Camp Ramah California campers bag groceries at Rainbow Bridge Natural Foods. Photo courtesy Camp Ramah.
Camp Ramah California campers bag groceries at Rainbow Bridge Natural Foods. Photo courtesy Camp Ramah.

Camp Ramah

, a group of North American summer camps founded in 1947, is pioneering an innovative program to teach real-world job skills to its campers with special needs. Three of the group's eight overnight camps have implemented the program, where young people with disabilities and/or special needs can learn everything from office etiquette to how to live with roommates. The program, which is currently only available to young people of Jewish descent, is now a model for camps all over the country who want to provide similar services.

"The idea was to offer camping to people with disabilities and it was a natural part of camp," Howard Blas, the director of "tikvah" (which translates to "hope") at Camp Ramah, tells Yahoo Shine. The program began in 1970, making it the first of its kind. "Typical campers finish at 16, and we created this program that goes to 21. This job training and living with other people are skills you really need. The goal is to partner with programs that give outside employment."

And they've succeeded. Campers have several job-training options based on their skills and interests, including working in the mail room, the cafeteria, and an on-site motel. Alums of the program have found full-time jobs at companies like Walgreen's, TJ Maxx, and Stop N Shop. In addition to learning practical skills, Blas and his team also work to teach what they call "soft skills," such as how to handle personal conflicts at work and when it's appropriate to check your phone.

And it isn't only the campers who benefit from Ramah's program. Many proud parents bring their children back year after year and get to watch them grow and evolve. "The Voc-Ed program at Camp Ramah in New England has been a wonderful opportunity for our daughter Rebecca to explore her independence, under the watchful eyes of a caring staff," says one dad, Stephen Boro.

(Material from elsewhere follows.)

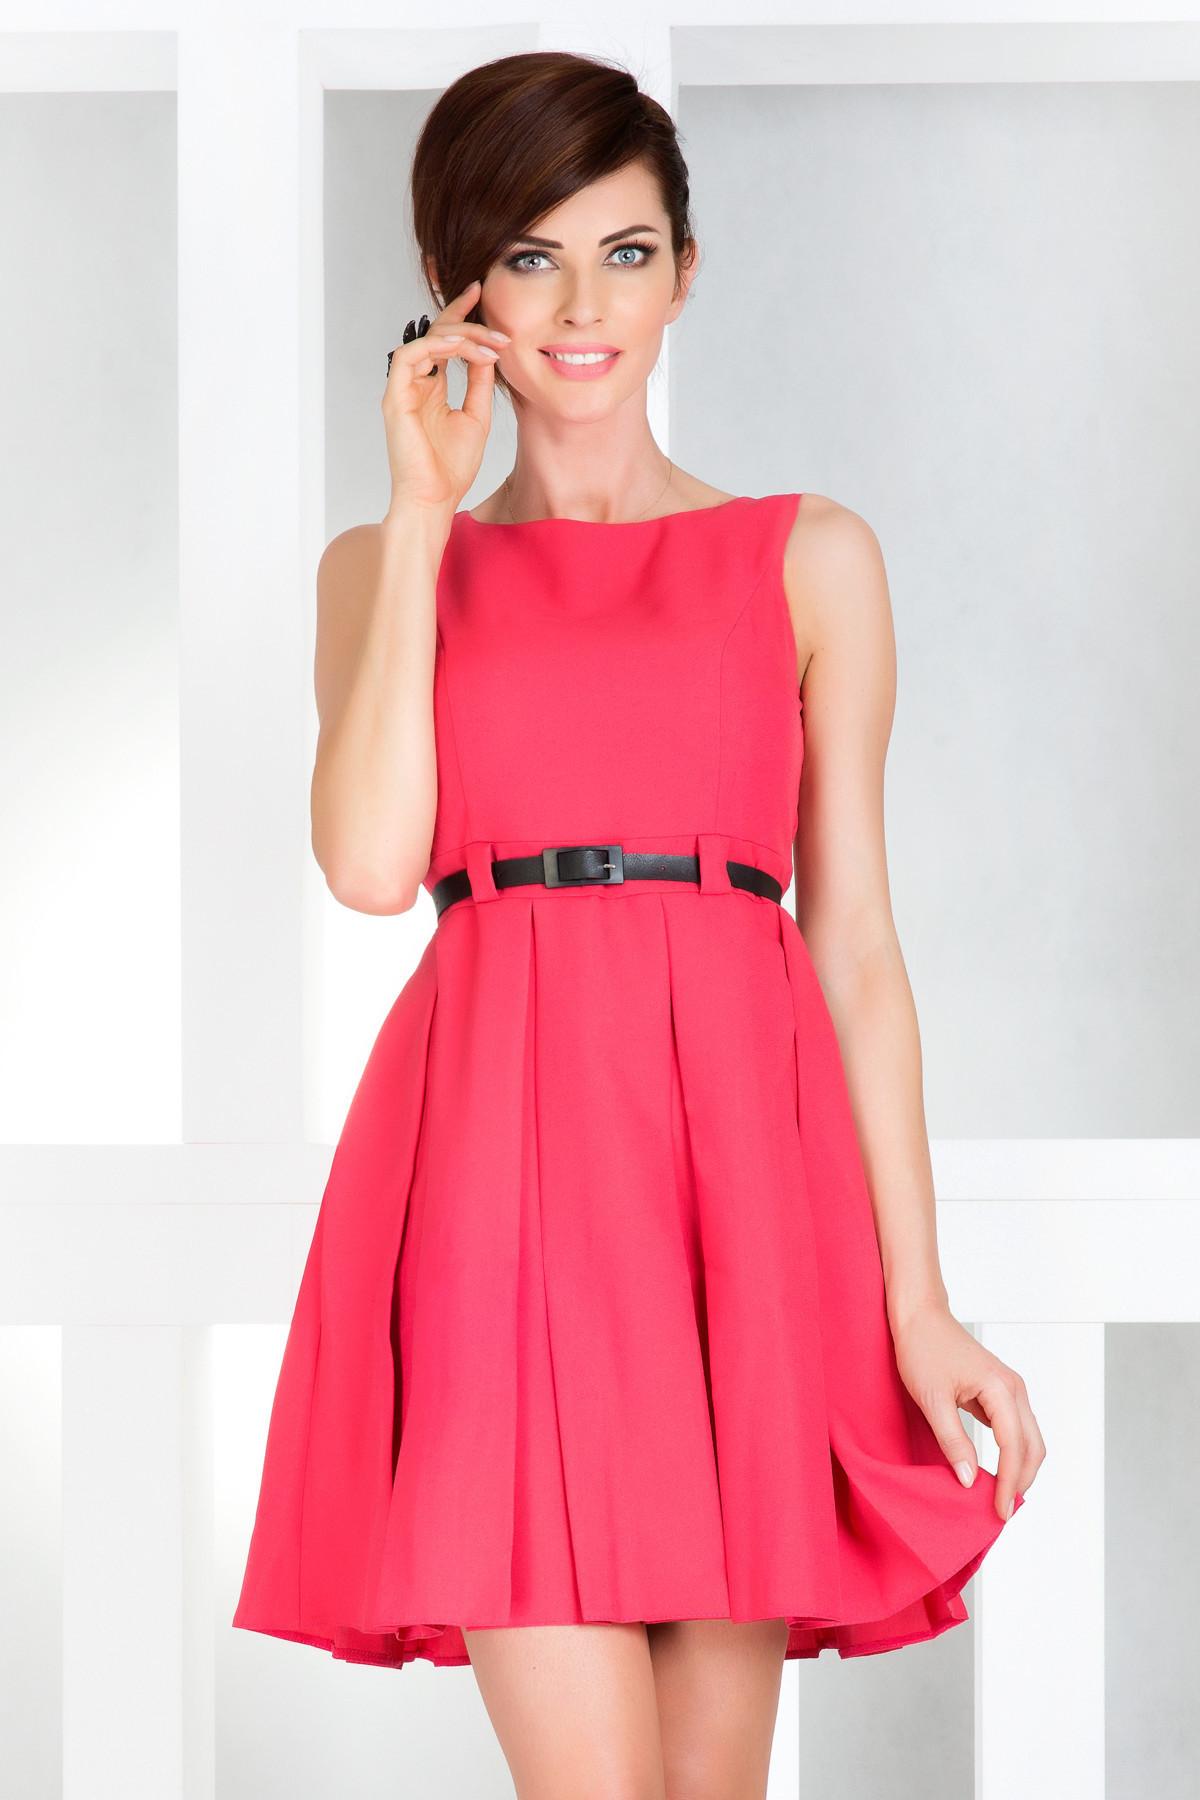 Dámske spoločenské šaty NUMOCO s opaskom stredne dlhé ružové - Ružová / XL - Numoco ružová XL

"Camp has helped Sam in so many ways," says Judith Beck, whose son began as a camper and now works as a staff member at the camp's vocational program. "Self-care, organizing his belongings, handling frustration, accepting others’ disabilities, adhering to rules, appropriate assertion, self-reliance, assessing personal space — and most of all, behaving as a mensch!"

For Blas, who began working on Ramah's program at a time when special-needs kids were segregated from the rest of the population and educated separately, seeing these campers become "just one of the group" has been the biggest reward of all. And the program has expanded to include an every-other-year group trip to Israel, led and organized by Blas. The goal of the trip is to connect with Jewish identity, but it's also about learning how to travel without parents and reach the next step in independence.

 "[Parents] see that their kids are so happy when they're part of this inclusive community," Blas says. "They want their kids to be happy and develop relationships."